El Estado somos nosotros, o la teoría de la bicicleta

La Escuela Superior de Gobierno, un ejemplo de lo que el kirchnerismo entiende por “un Estado fuerte”.

La Escuela Superior de Gobierno es una muestra de nuestra institucionalidad democrática y, al mismo tiempo, de nuestros déficit institucionales. Una evidencia de la distancia entre la construcción de instituciones y su apropiación partidista y sectaria. Fue concebida como un organismo para la formación de líderes gubernamentales trascendiendo su identificación partidaria, en los años ’90, derivación de los cambios en el INAP iniciados con la recuperación de la democracia en los ’80, con la creación de la Secretaría de la Función Pública y la carrera de Administradores Gubernamentales. A partir de la reforma constitucional del ’94, que declaró a los partidos políticos instituciones fundamentales del sistema democrático, se estableció que el Estado contribuiría a la capacitación de sus dirigentes y se pensó, para ello, en un marco institucional de formación y capacitación de carácter académico y pluralista. En 1995, el INAP convocó a los partidos para desarrollar el programa de la Escuela Nacional de Gobierno, con la idea de que fuera un “espacio natural de capacitación y formación de líderes con vocación pública para servir a una sociedad democrática, en un ambiente de pluralismo ideológico y de excelencia académica”.

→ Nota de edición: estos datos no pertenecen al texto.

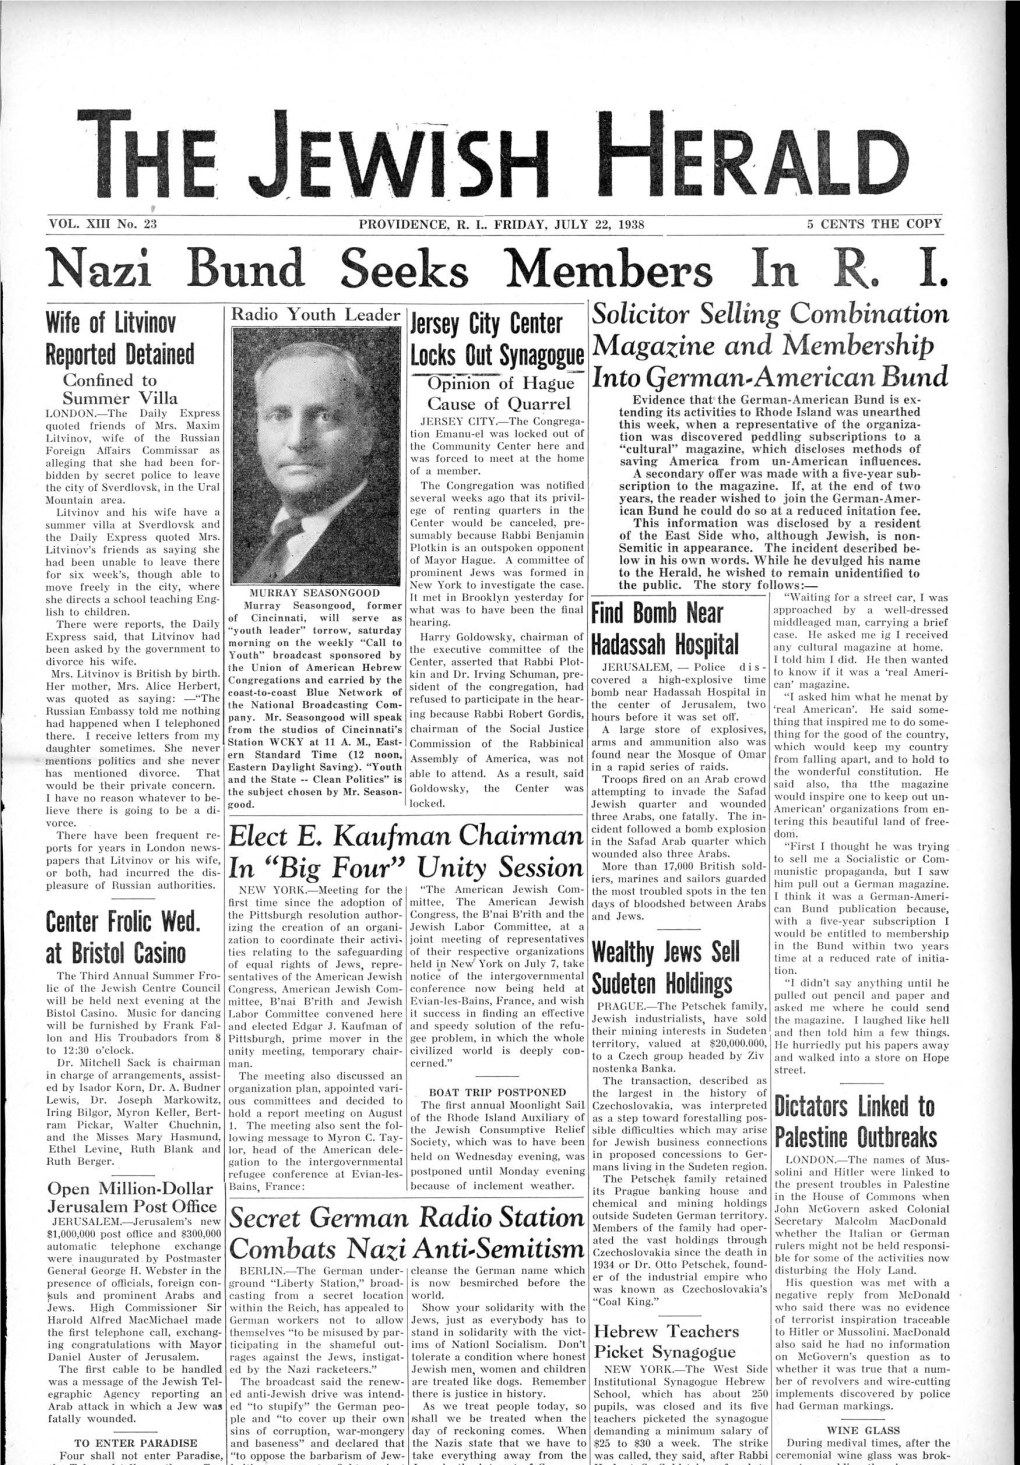 Nazi Bund' Seeks Members in R. I

Fue pasando por diferentes etapas hasta su inserción actual como organismo dependiente de la Jefatura de Gabinete. Su página web explica que la ENG “tiene como objetivo fundamental contribuir a la formación de las nuevas generaciones de protagonistas: dirigentes políticos, referentes y ciudadanos capaces de desarrollar un proyecto de gestión democrático e igualitario. Para ello trabaja en la generación de herramientas técnicas y teóricas, que contribuyan a la formación política de quienes deseen intervenir en la gestión gubernamental desde una perspectiva federal y democrática”. Dice además que “fomenta el trabajo conjunto y el intercambio de experiencias con las distintas provincias del territorio argentino a partir del reconocimiento de la diversidad de realidades y perspectivas. Desde una fuerte convicción de compromiso con la educación y la construcción colectiva impulsa los valores democráticos y aporta al fortalecimiento del proyecto nacional basado en la integración regional”. Y agrega como propósito “el fomento de debates abiertos sobre temas estratégicos del quehacer político, social y económico de la Argentina”. Pero eso sí, en “coherencia con el Proyecto Nacional y la realidad política Latinoamericana”.

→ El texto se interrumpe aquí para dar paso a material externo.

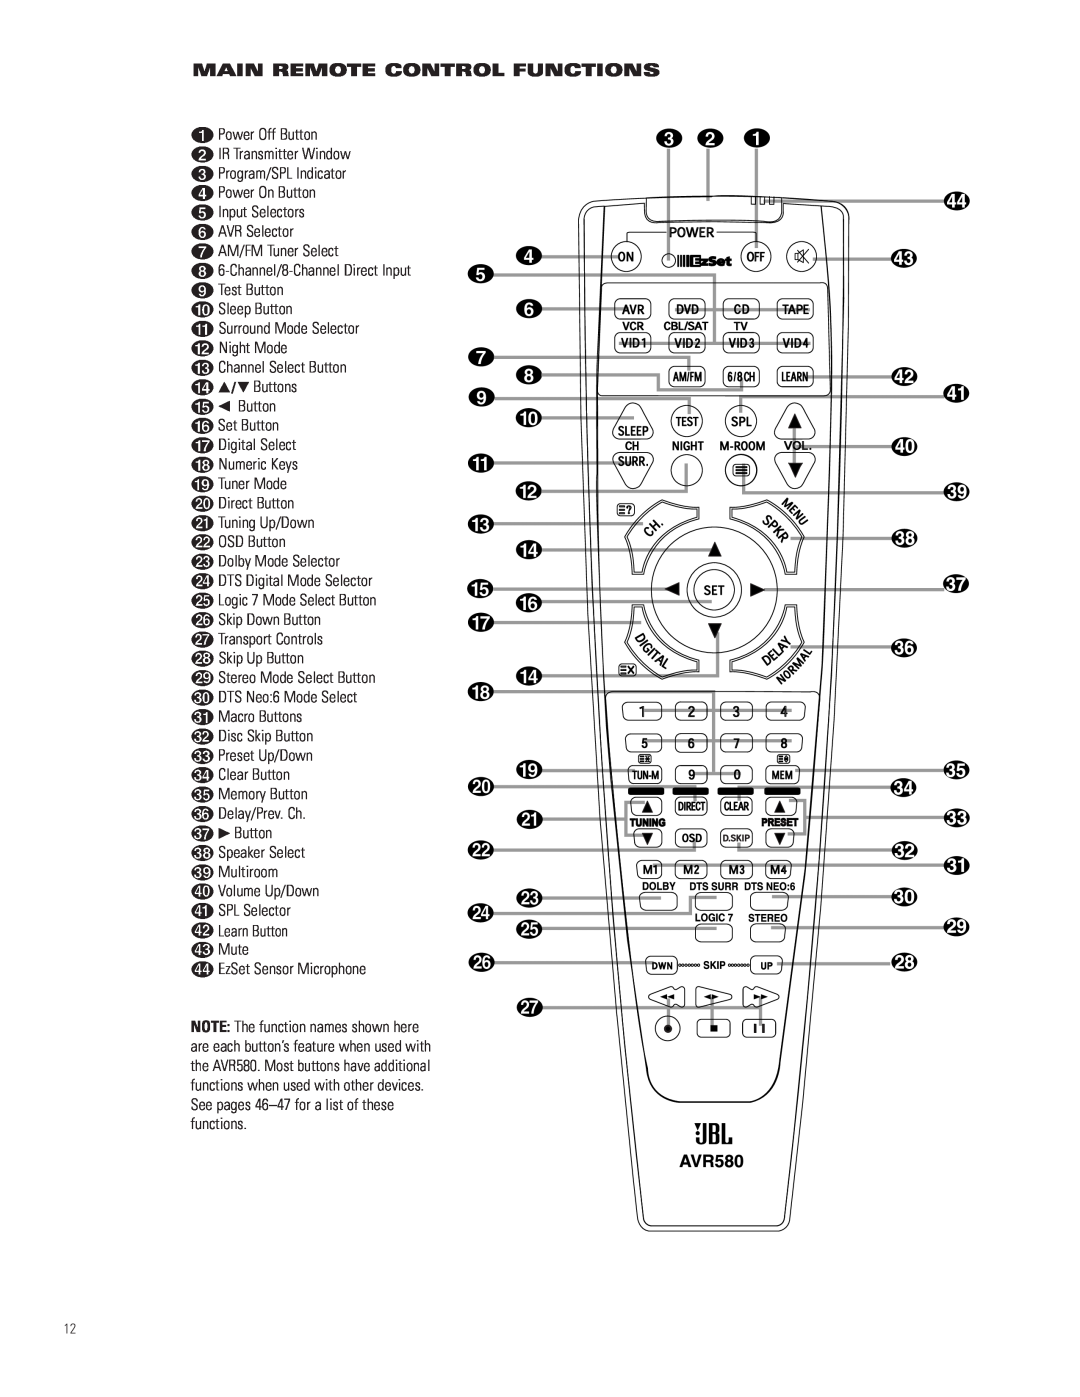 JBL AVR580 manual Main Remote Control Functions

Lo que ocurre con la ENG es un caso interesante de lo que el kirchnerismo ha entendido por “una burocracia comprometida con lo público”. Su actual director, Marcelo Koenig, explicó hace dos años: “Cuando fue constituida la Escuela, en los ’90, fue concebida como un espacio para formar a la clase política en un esquema neoliberal. Para conseguirlo, se busca ba divorciar lo más posible lo político de lo técnico. Así, se formaban técnicos asépticos –tecnócratas– que reprodujeran esa ideología en cuanto a su concepción de un Estado ausente. Nosotros queremos romper con esa matriz en esta nueva etapa de la Escuela de Gobierno. Primero la pensamos como una escuela de políticas, porque el gobierno no hace otra cosa que ejercer el poder en el seno del Estado por medio del conjunto de personas que fueron legitimadas democráticamente por el voto popular. Para aportar en este proceso, nosotros queremos formar los cuadros políticos y técnicos que sean parte de este proyecto”. (11/3/2013, http://www.noticiasurbanas.com.ar/noticias/51570/).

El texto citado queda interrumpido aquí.